*What to do:*
The answer is the line containing "Tektronix TDS 360" plus every line after it to the end of the material, retyped exactly and without the pictures.

*Source material:*
# # # # # # #
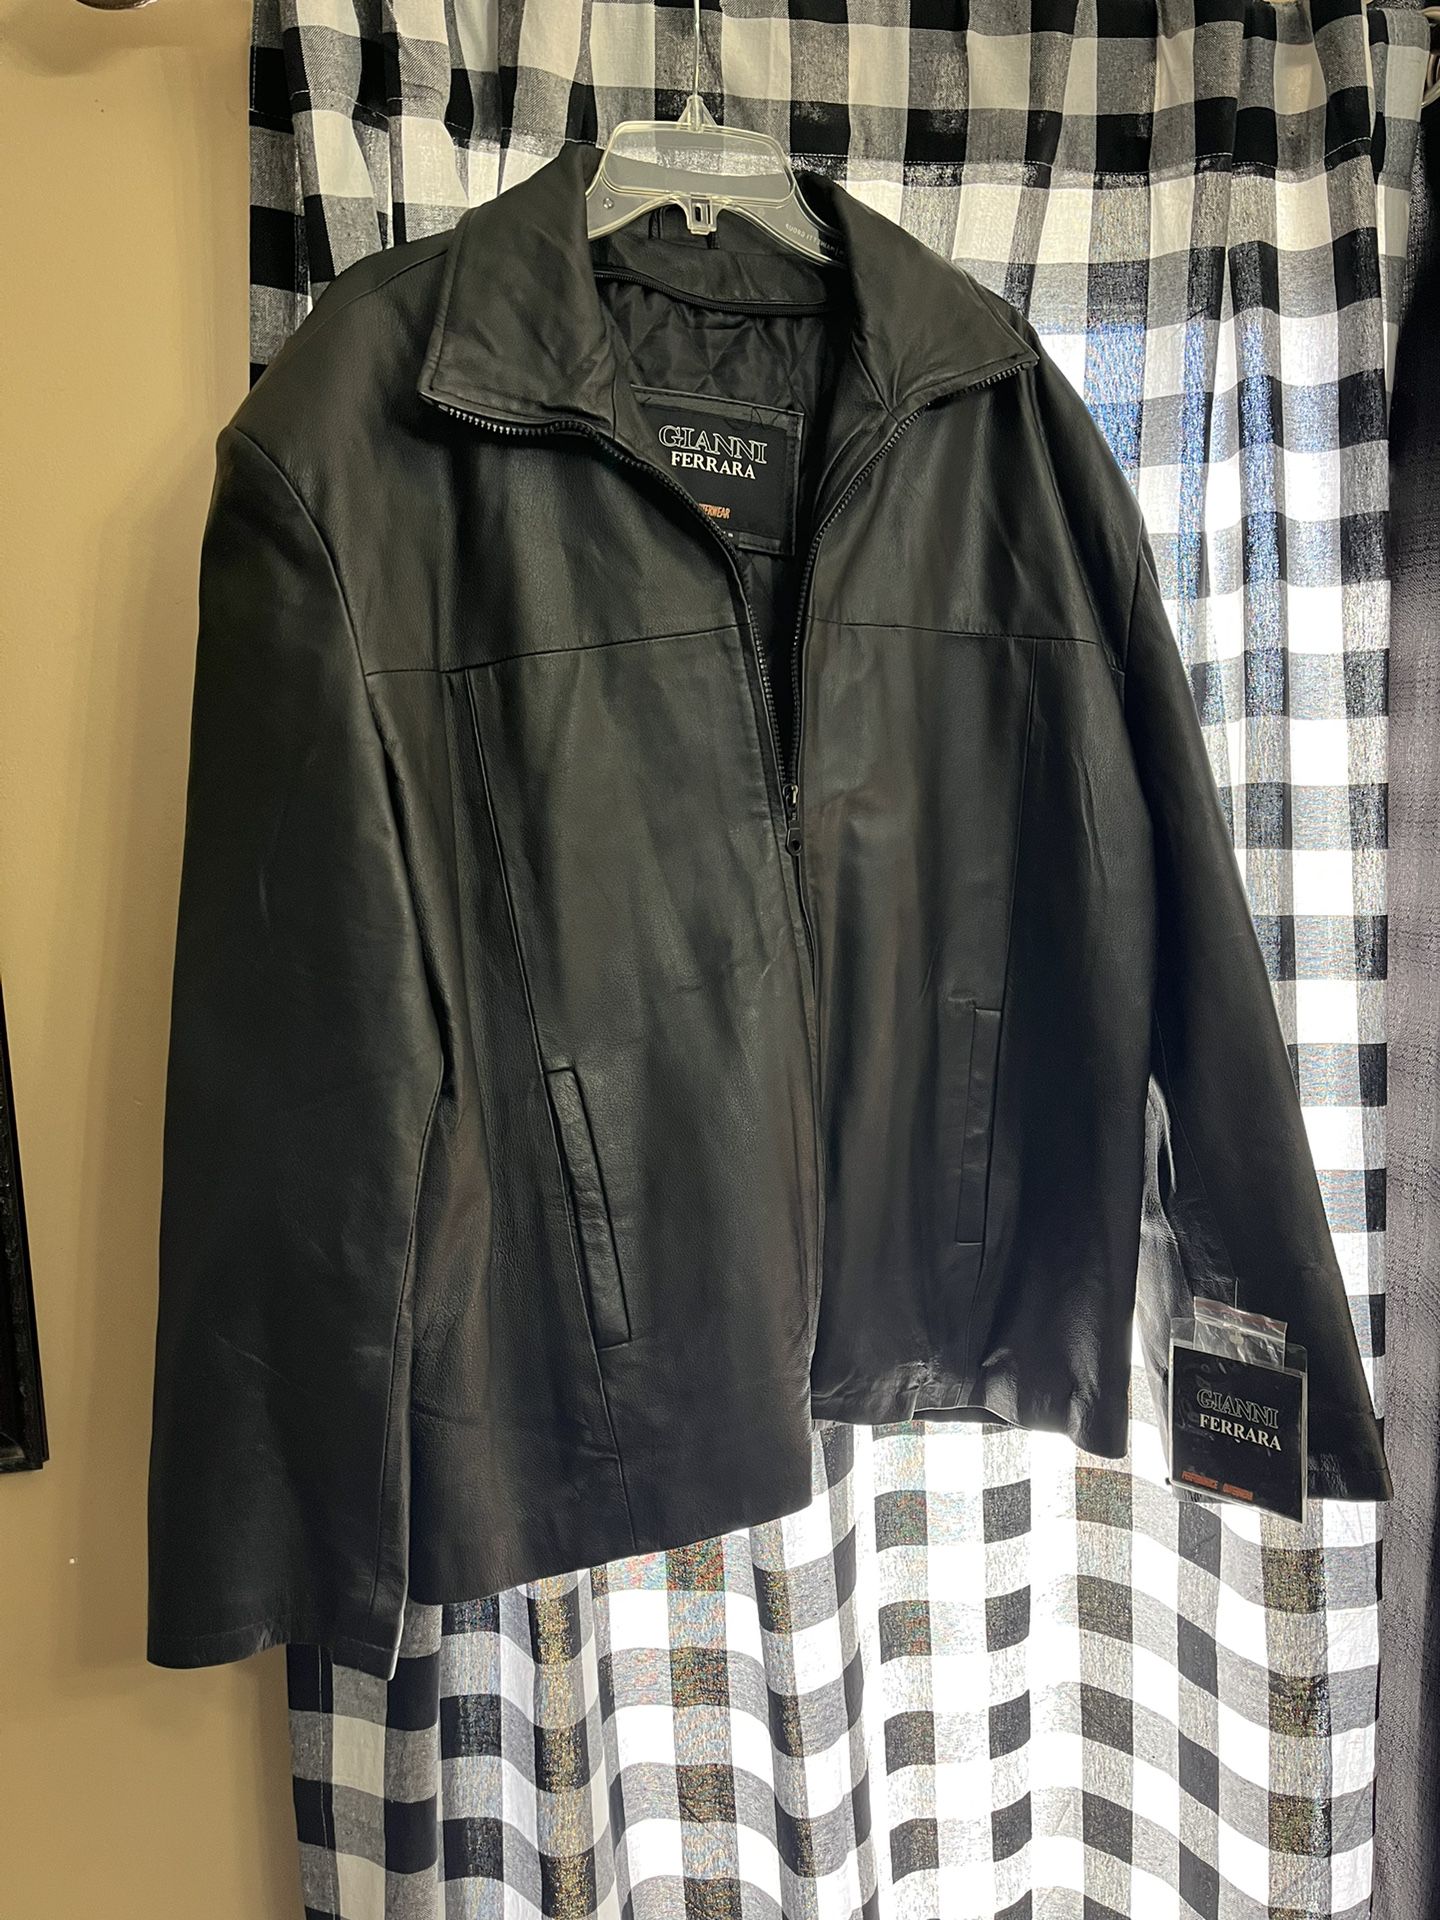 Leather Men’s Jacket
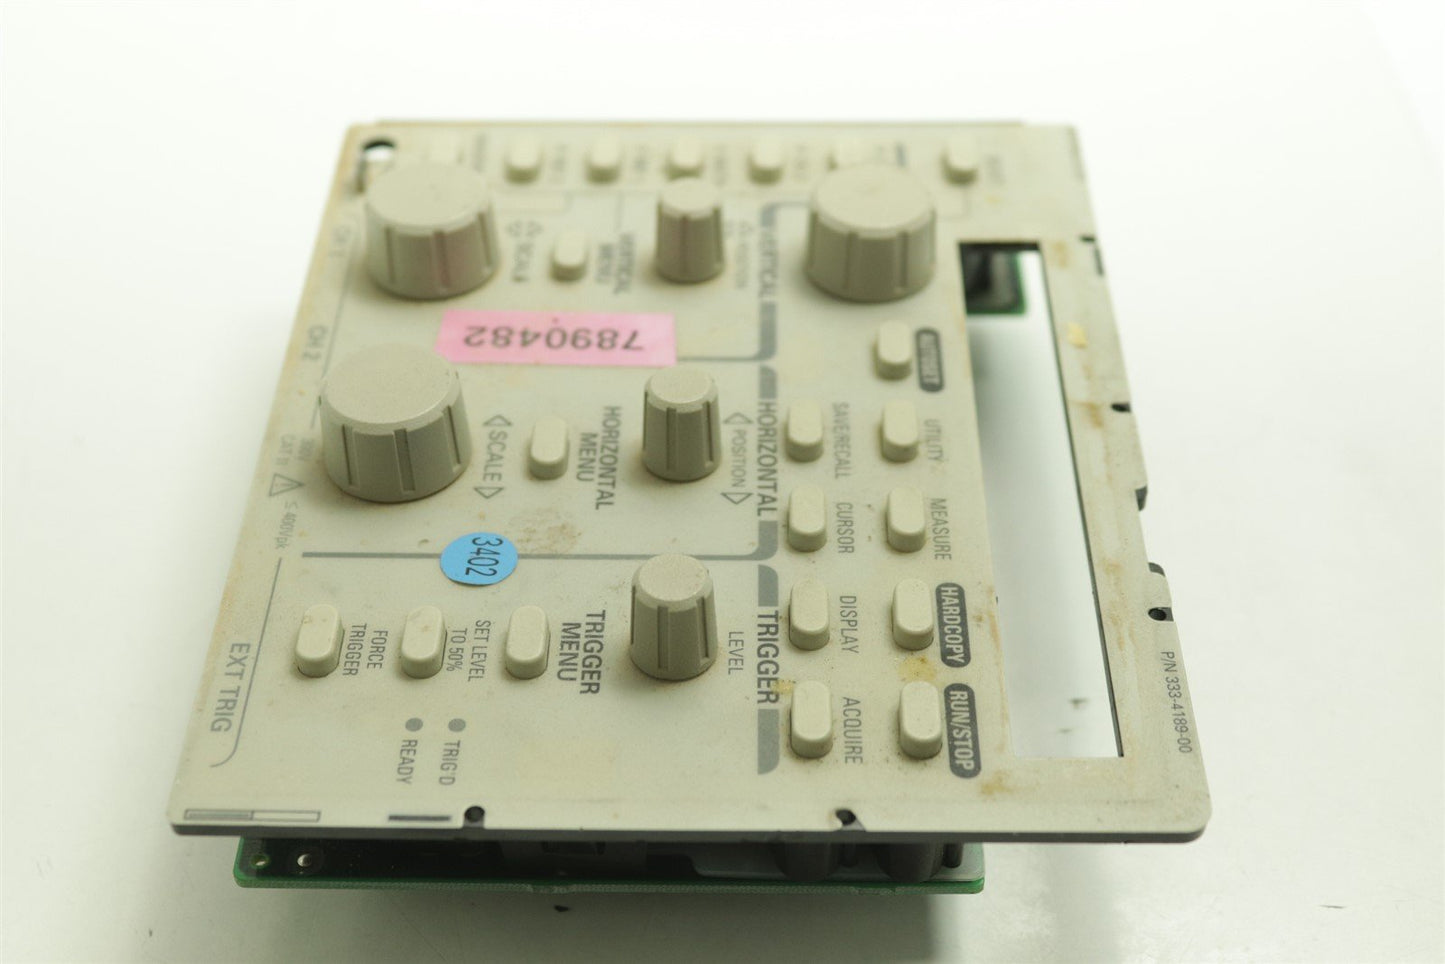 Tektronix TDS 360 Two-Channel Oscilloscope Front Panel Keyboard Assy 671-3737-00
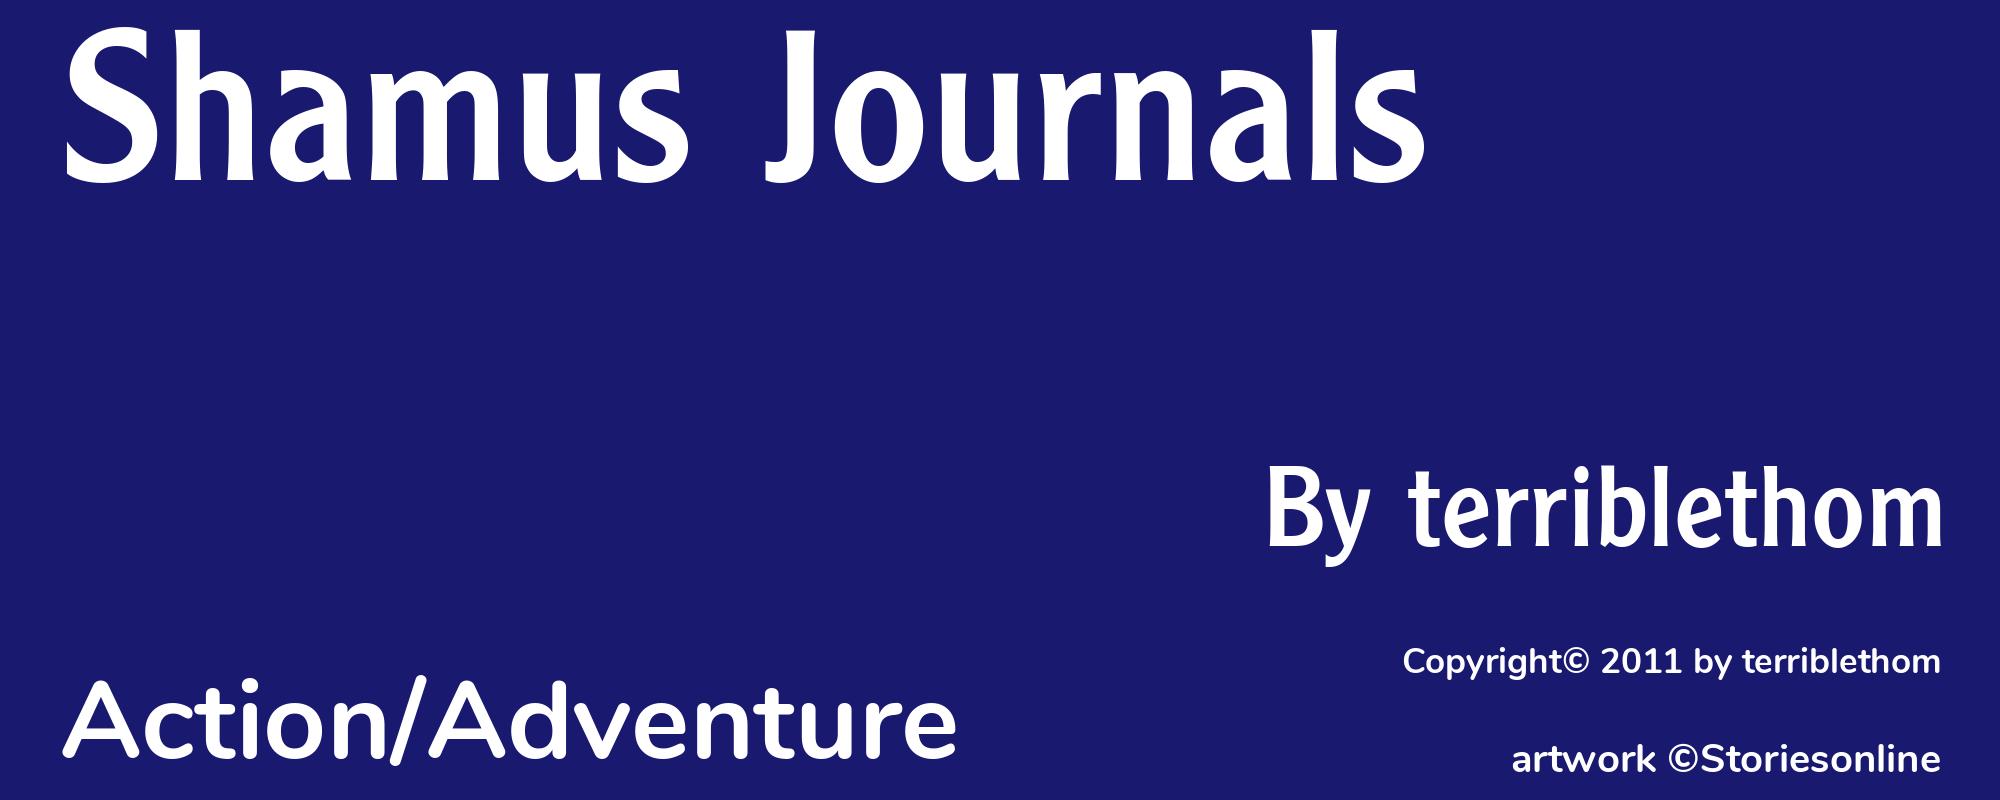 Shamus Journals - Cover
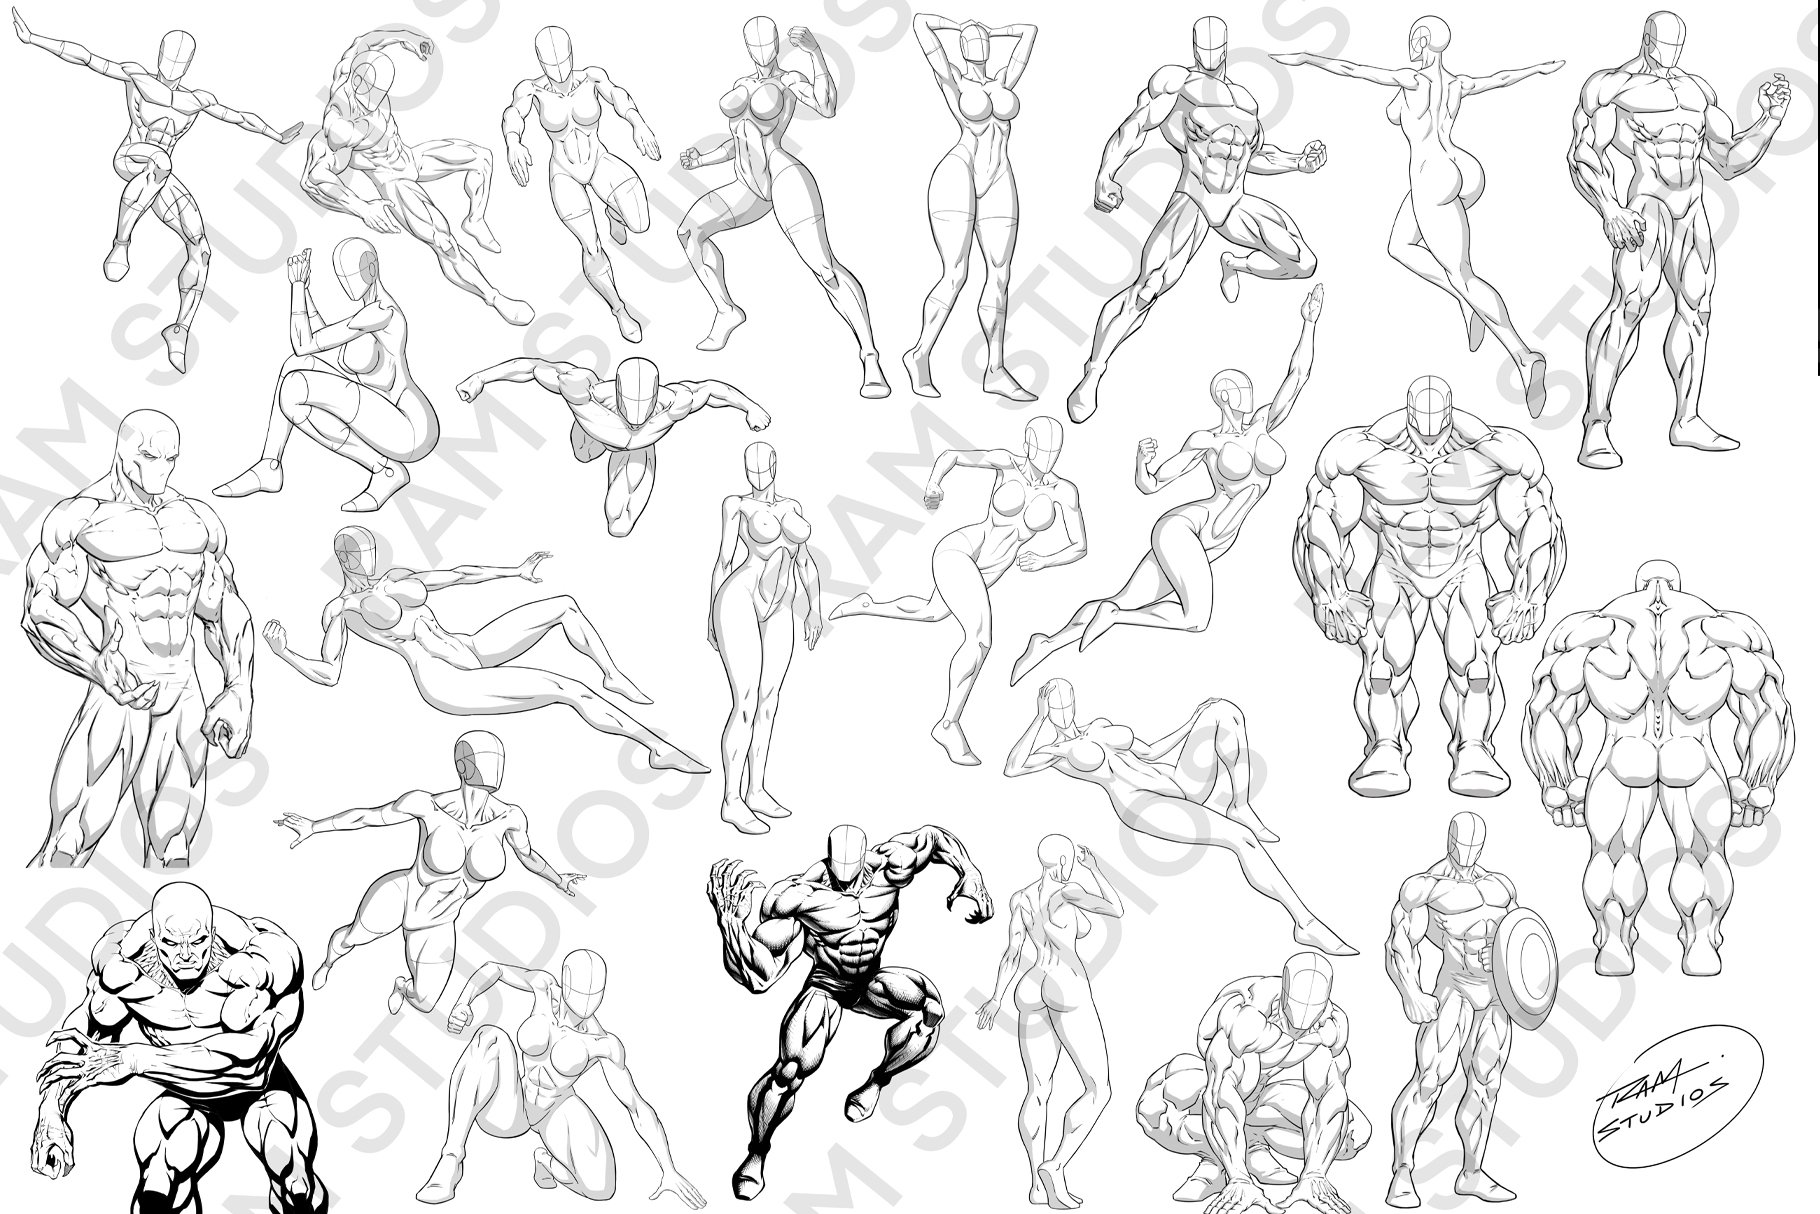 Superhero Pose Reference Drawings | スケッチ, スケッチの基本, イラスト
# # # # # # #
*Solved exercise:*
 Tektronix TDS 360 Two-Channel Oscilloscope Front Panel Keyboard Assy 671-3737-00
 Shamus Journals - Cover
 Superhero Pose Reference Drawings | スケッチ, スケッチの基本, イラスト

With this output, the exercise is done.